In a ringing endorsement of autonomy, the preamble to the regulations governing Assisted Living (AL) in the Commonwealth of Massachusetts refers to AL facilities as “an important part of the spectrum of living alternatives for the elderly” that “should be operated and regulated as residential environments with supportive services and not as medical or nursing facilities.” Recognizing that the people moving into assisted living facilities do so because they have some sort of “physical or cognitive impairment,” the document goes on to say that the facility “should support the goal of aging in place through services, available either directly or through contract or agreement.” These services, it is hoped, will “compensate” for the individual’s deficits, “while maximizing his or her dignity and independence.” Great language. But how does this square with the proposed modification of the regulations that would evict residents if they require 90 consecutive days of “skilled nursing services,” that is a visiting nurse or a physical therapist or hospice care. Aren’t these services exactly what is entailed by contracting for the assistance necessary to stay in the facility, despite mental or physical difficulties?
It doesn’t (my first question) and they are (my second). The new regulations would go a long way towards undermining what makes assisted living attractive. Presumably the state’s actions are intended to protect its citizens. And the state has the right to promote the health and wellbeing of the populace: since the early 1800s, the Supreme Court has upheld the right of the states to pass laws (and to promulgate regulations allowing for implementation of those laws) that further the “health, peace, morals, education and good order of the people.” But just who is it that the regulations would protect? Is it the owners and operators of the assisted living facilities, by enabling them to evict any residents whom they deem too sick to stay, and thereby assuring that anyone who might sue for neglect would not be living in the facility in the first place? Or is it the most independent residents of assisted living, some of whom do not like having impaired elders in their midst, people who remind them of their own potential frailty? Surely it is not the residents who require considerable help and who are getting just what they need by contracting with agencies such as the visiting nurse association or a hospice.
In fact, the regulations will not protect the vulnerable—if they are enforceable, which they may not be as people can simply cancel their services for a few days every three months and may then be technically following the rules. The vulnerable are those who need more help than the assisted living facility provides directly and who haven’t made arrangements with a visiting nurse association or a hospice or some other regulated organization. Under the new rules, they will be discouraged from getting the help they need because it would jeopardize their right to stay in their home, the assisted living.

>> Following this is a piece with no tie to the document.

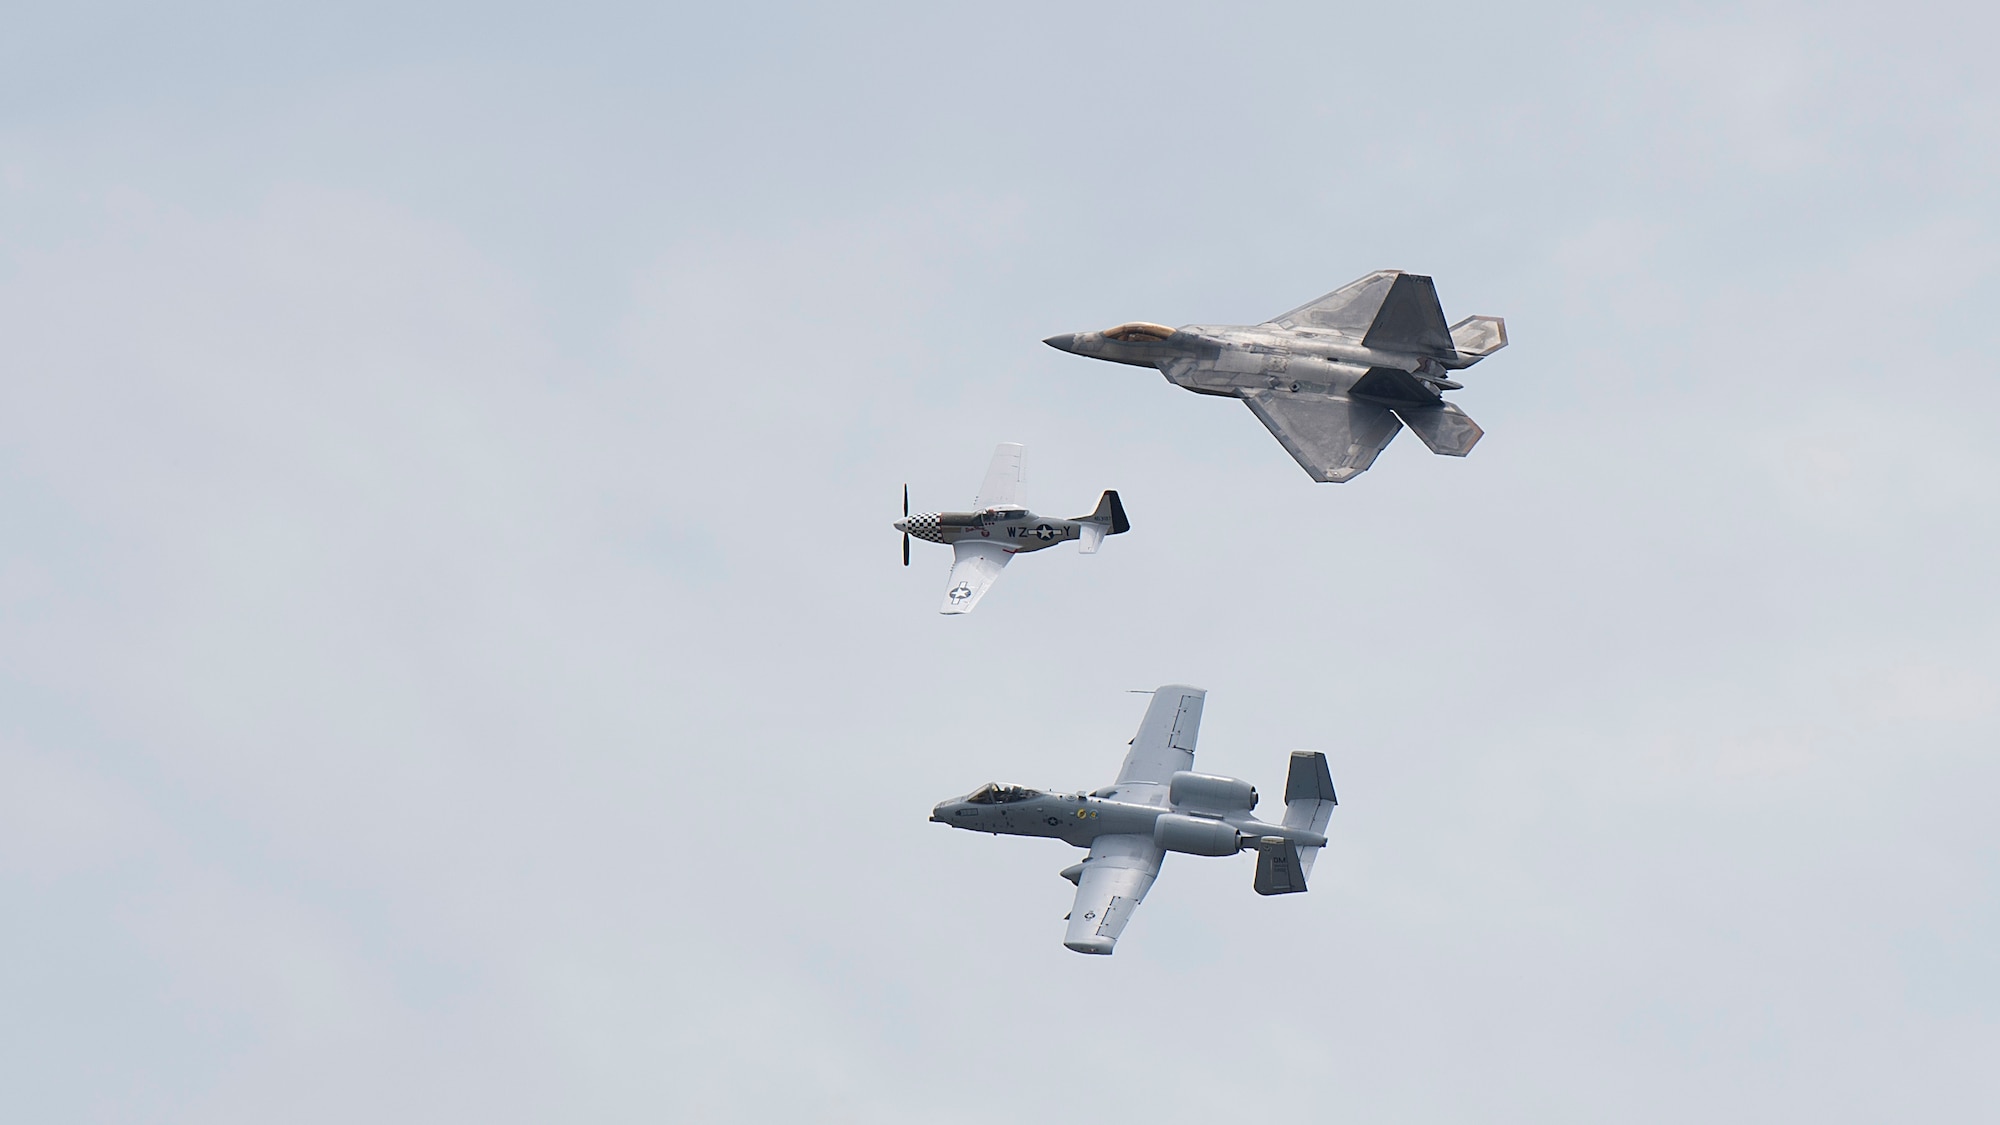 An A-10 Thunderbolt II (bottom), a P-51 Mustang (middle), and an F-22A Raptor (top), fly in formation during Tampa Bay AirFest 2018 hosted at MacDill Air Force Base, Fla., May 12-13, 2018. This heritage flight program presents the evolution of U.S. Air Force air power by flying today’s fighter aircraft next to vintage fighter aircraft.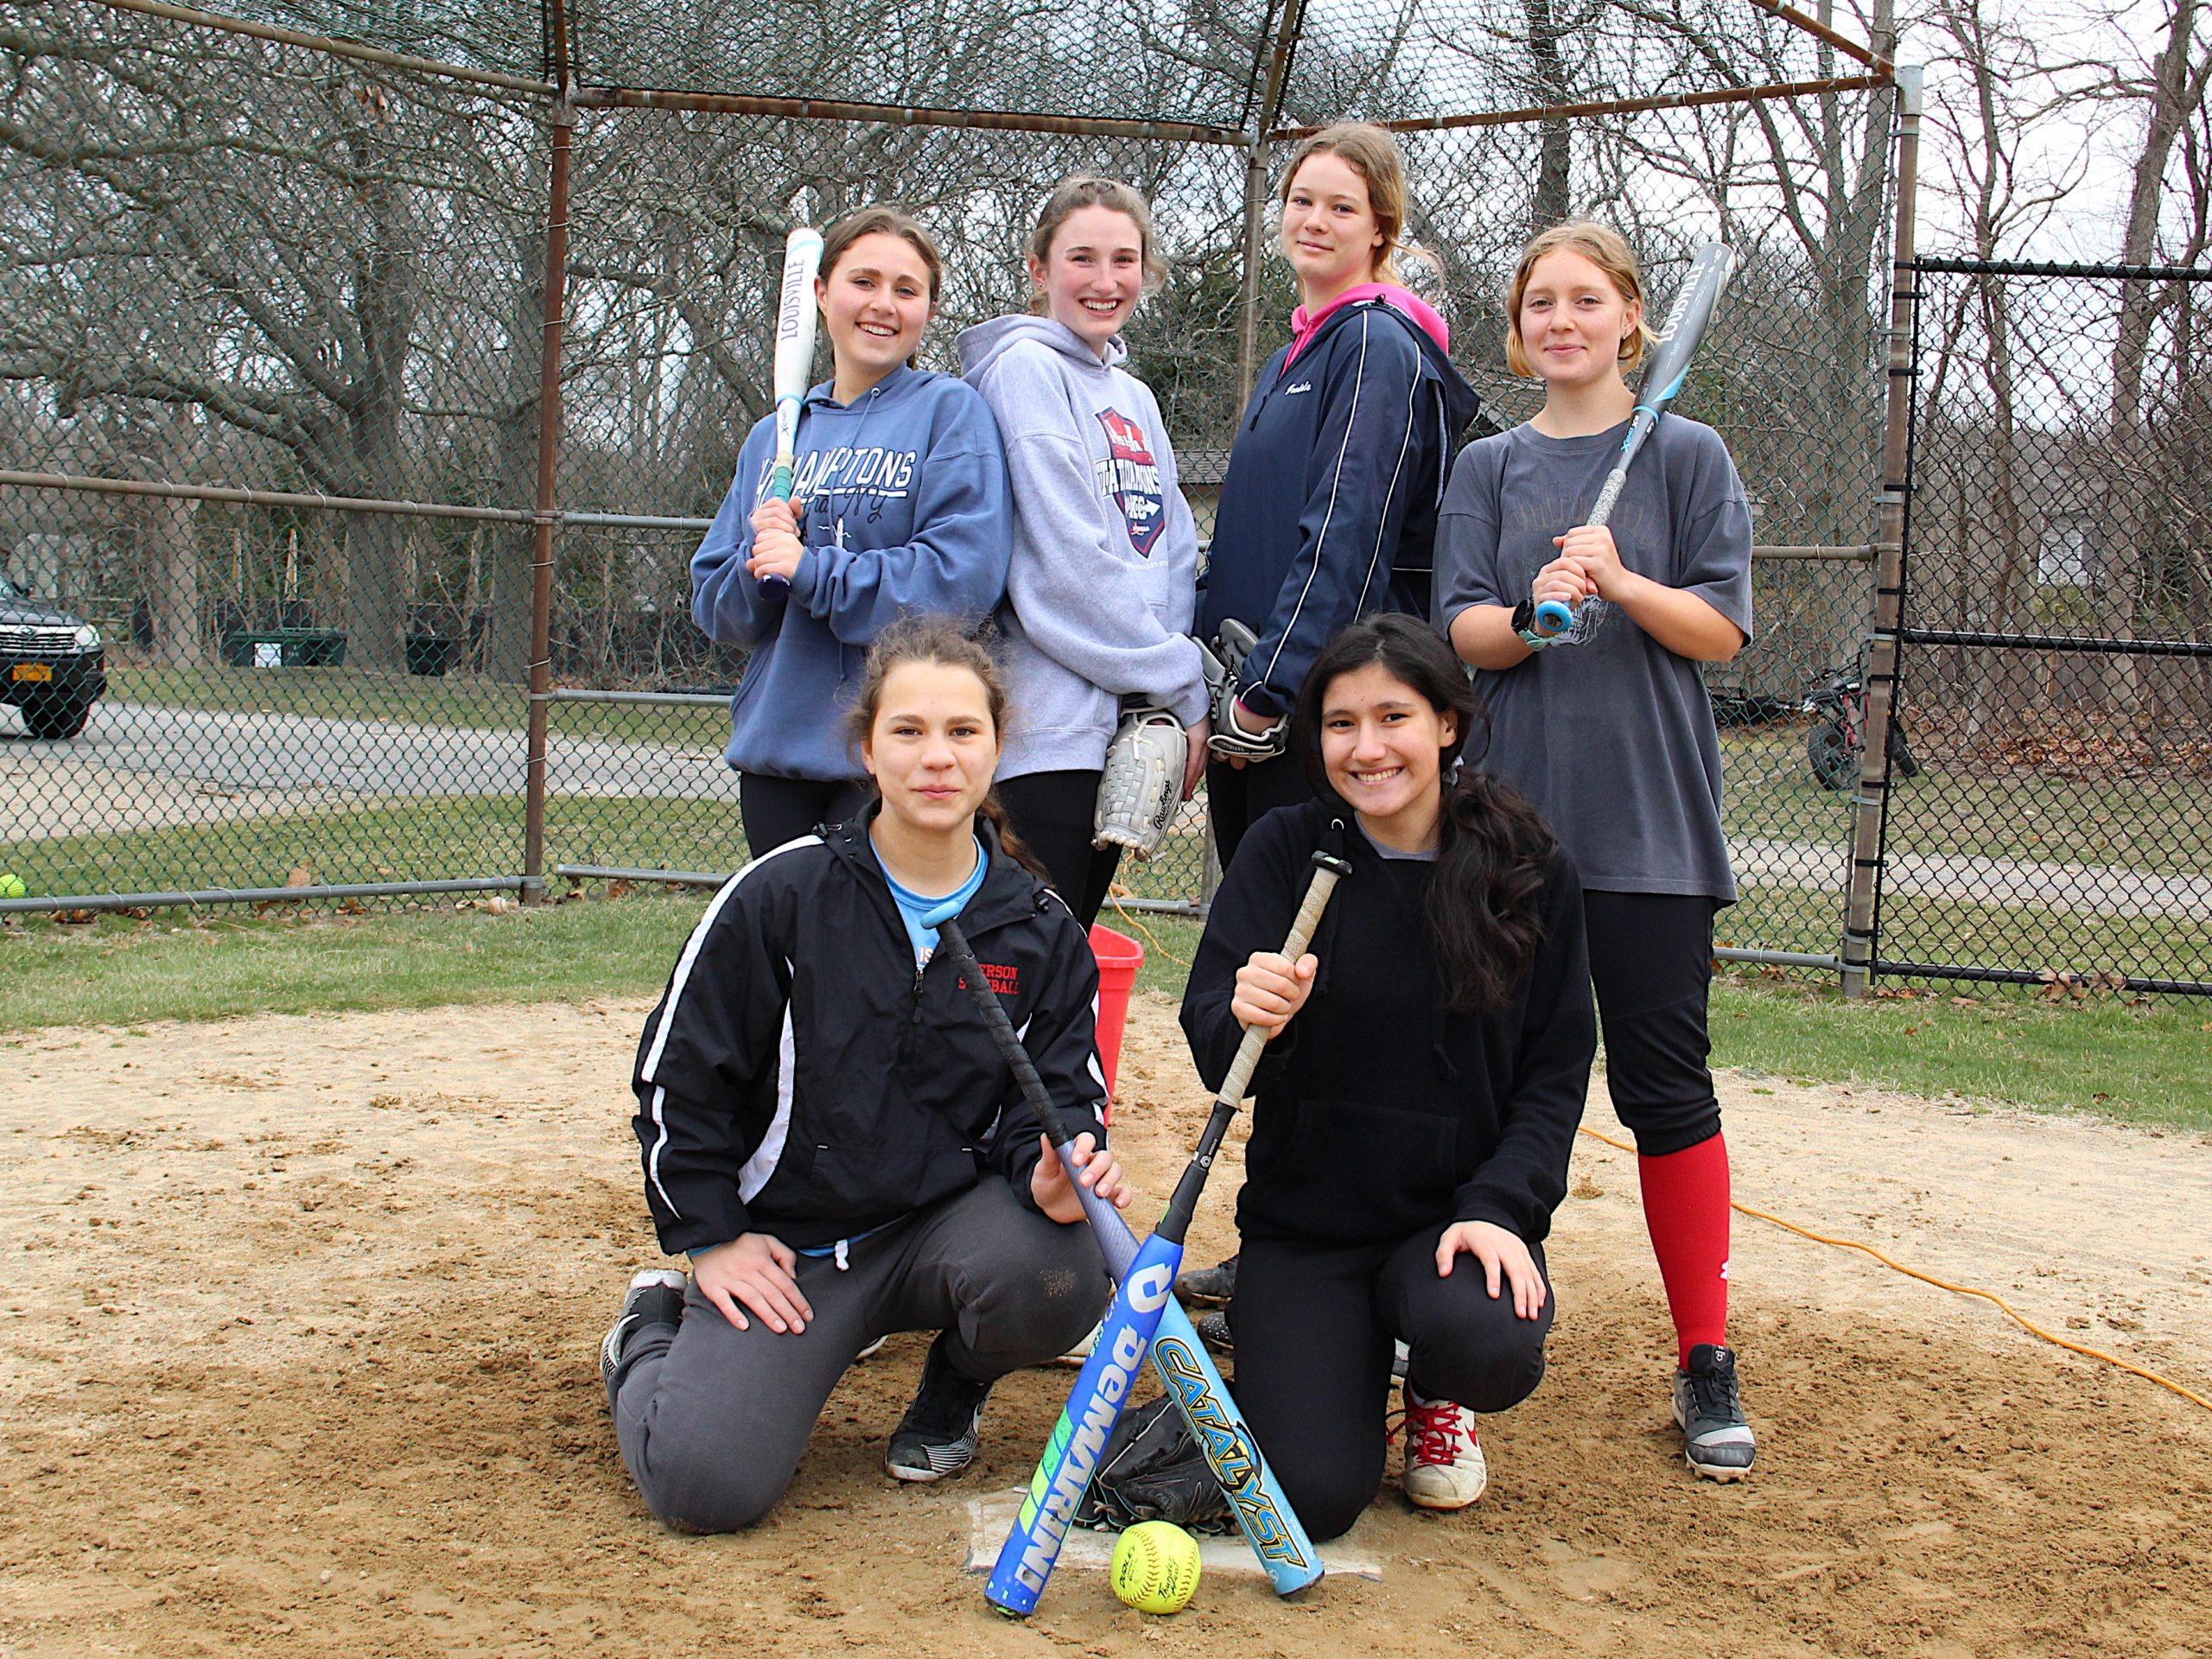 Pierson's returning players include, from top left, Micky Wilson, Abby Sherwood, Fionnuala Goodale and Hannah Ramundo; from bottom left, Ashley Weatherwax and Ava Garabedian.   KYRIL BROMLEY

If they seek any outside help at all, it will need to be from an unregulated organization, not one that provides care that is officially recognized as “skilled.”
So what is the solution? What should the state do to fulfill its expressed desire to promote the autonomy of older individuals with cognitive and/or physical impairments, allowing them to live in the “least restrictive” environment? Two steps would go far to achieving this goal.
First, rather than evicting their neediest residents, assisted living facilities should provide a comprehensive assessment of their tenants and help residents and their families come up with a viable plan for addressing the needs identified by that assessment. The assisted living doesn’t have to actually offer the needed services; it simply has to describe them. Residents who prefer not to avail themselves of the help they could sign a “negotiated risk contract” that acknowledges they are putting themselves in jeopardy.
Second, nursing homes need to be modified so that the emphasis is more on “home” and less on “nursing.” Only if older people have an acceptable alternative, one that offers the help they need without being a “total institution” that dictates their every move, will they no longer be desperate to stay in assisted living, even when they can only do so by supplementing their care with large amounts of outside help. The Pioneer approach to nursing home care, with its resident-centered philosophy, and the Green House model, with its small, non-institutional character, are attempts to radically transform nursing homes. But as I have argued in earlier blogs, many if not most facilities that aspire to “culture change” fail. They no longer leave residents lined up in a long hall in their wheelchairs—but instead, they leave them seated at the dining room table, staring into space, essentially belted in by the table. Explaining why the medicalization of nursing homes leads, almost inevitably, to just the kind of place that old people are trying to stay away from, will require more discussion at another time. Suffice it to say for the moment that the regulations governing nursing facilities are a large part of the reason that nursing homes today are still more like hospitals than they are like residences.
States can amend the regulations for assisted living facilities to better protect their neediest citizens. But that will mean helping residents get the assistance they need, not booting them out if they are using outside services. And it will mean fostering a true continuum of care in which nursing homes are simply assisted living facilities that supply the assistance themselves rather than expecting residents to contract independently for services.